Waldemar Bawołek często nazywany jest „kronikarzem Ciężkowic”, w swojej twórczości pozostaje również w swoich rodzinnych stronach. „Pomarli” to kolejna książka, której akcja dzieje się w tym miasteczku. Narrator przemierza ulice, które tak dobrze zna, przez tyle lat prawie nic się nie zmieniło. Brakuje tylko, albo aż, mieszkańców, przechodniów, których przez lata mijał, idąc do szkoły albo do sklepu. Pozostały po nich tylko wspomnienia, które zostaną z nim do końca życia.
Spacer po rodzinnym miasteczku przywołuje wspomnienia o zmarłych. Pierwsze dotyczy Genowefy Stępniowskiej, która odeszła w wieku 86 lat. Cały czas siedzi w swoim ogórku, wśród kwiatów i zieleni, choć tylko w wyobraźni narratora. A może naprawdę? Podchodzi do drucianej siatki, która odgradza jej działkę od reszty miasteczka. Jej numer to 52. Wszystko można policzyć – zmarłych w naszym życiu również.
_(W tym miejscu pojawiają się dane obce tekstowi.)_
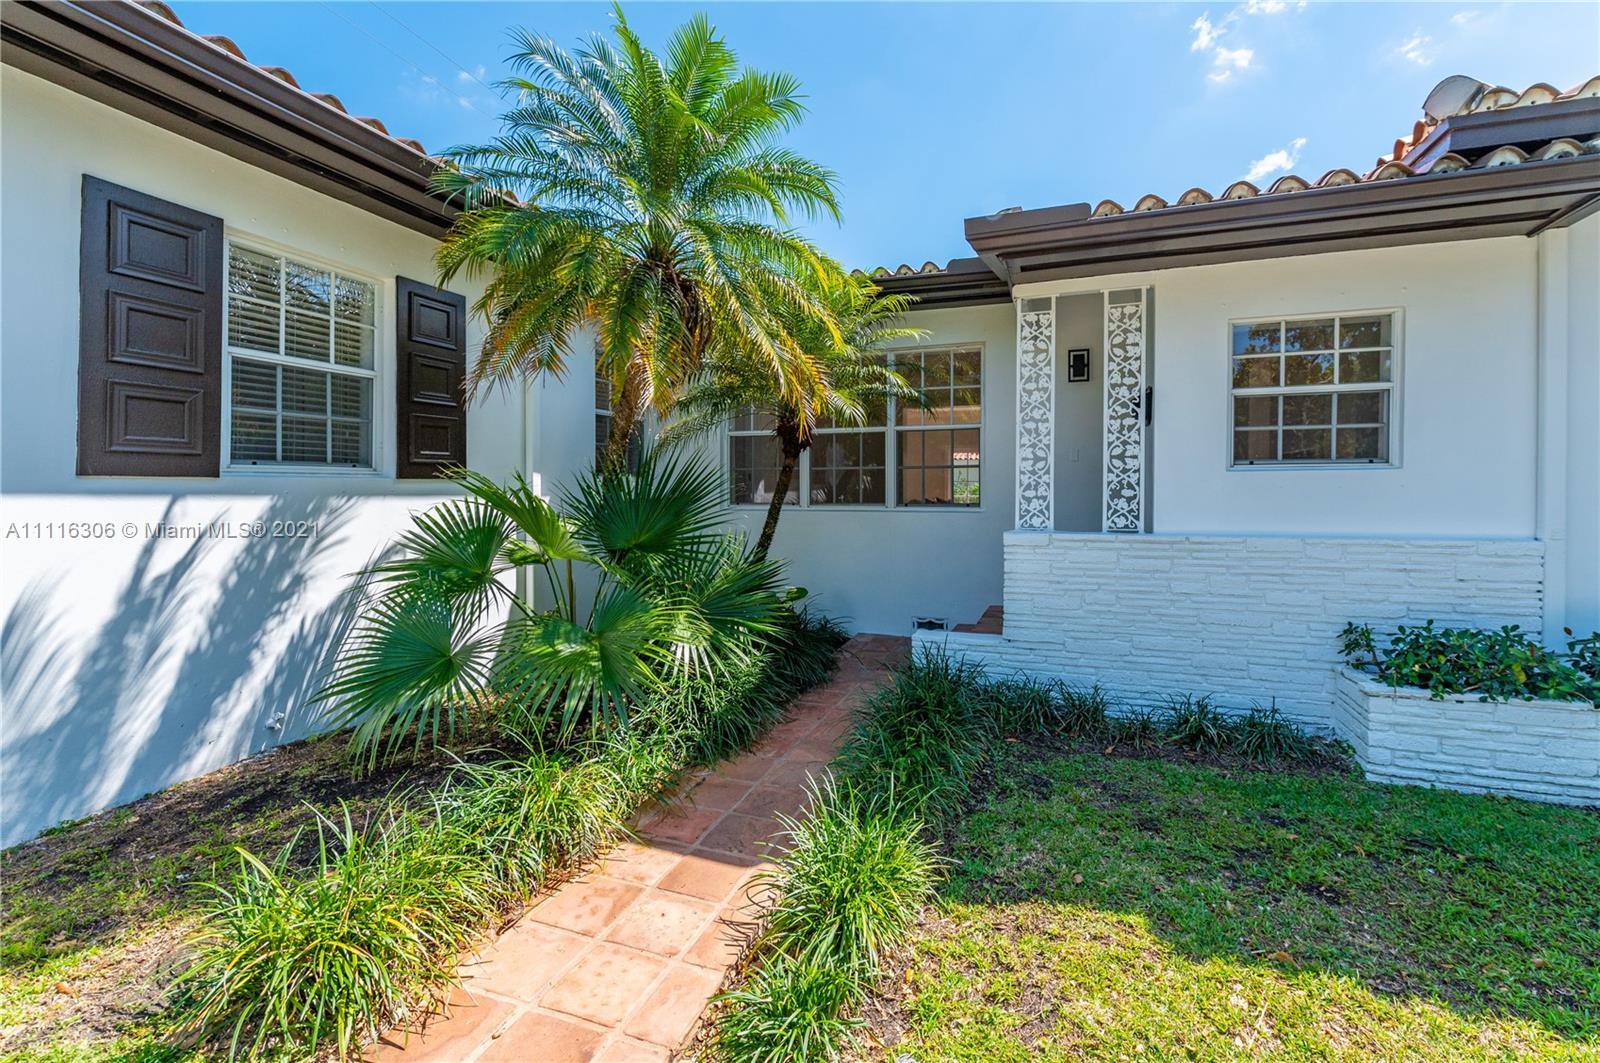 Single Family Home,For Rent,1540 Urbino Ave, Coral Gables, Florida 33146,Brickell,realty,broker,condos near me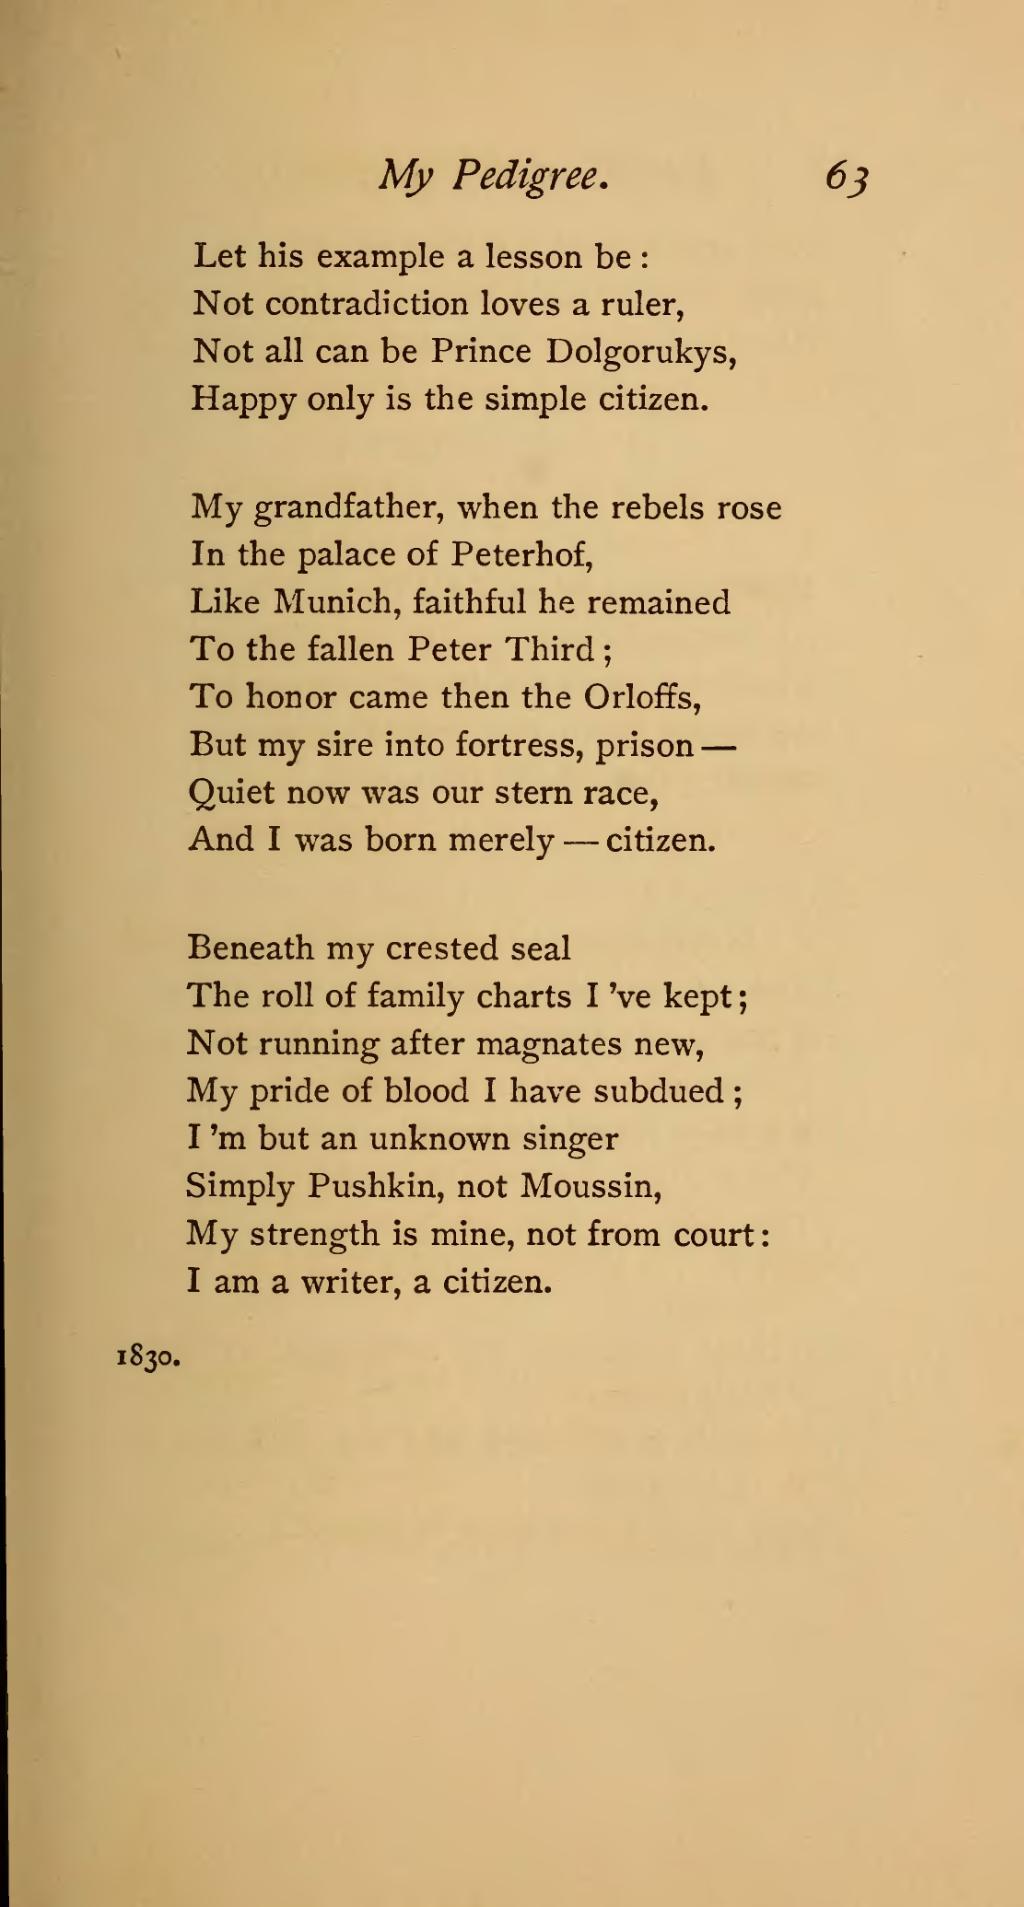 Did Alexander Pushkin write obscene poems? 54

W książce teraźniejszość miesza się z przeszłością, wspomnienia z rzeczywistością, a życie ze śmiercią. Wszystko wygląda jak sen, przeplata się w pełen obraz życia. To bardzo prywatny i intymny utwór, w którym narrator (utożsamiony z autorem – też ma na imię Waldemar) próbuje rozliczyć się również ze swoją przeszłością. Widzimy świat z różnych perspektyw – dziecka, nastolatka i dorosłego już Waldemara – cały cykl życia. Dzieciństwo, pierwsze kontakty seksualne, młodość i najbardziej wzruszający moment – pierwsze spotkanie Waldemara z jego wnukiem.
Czy nie jest trochę też tak, że nasze wspomnienia definiują to, kim naprawdę jesteśmy? Jak przez całe życie widzieliśmy innych? Czy patrzyliśmy na innych z nienawiścią i niechęcią? A może każdy wydawał się nam przyjazny, nawet jeżeli zrobił coś złego, szukaliśmy dla niego usprawiedliwienia?
Śmierć jest częścią życia – to główne przesłanie, które płynie z „Pomarłych” Waldemara Bawołka. To wielka tajemnica, której nigdy nie poznamy w całości, ale możemy ją zgłębiać. Pomoże nam w tym ta książka. Polecam!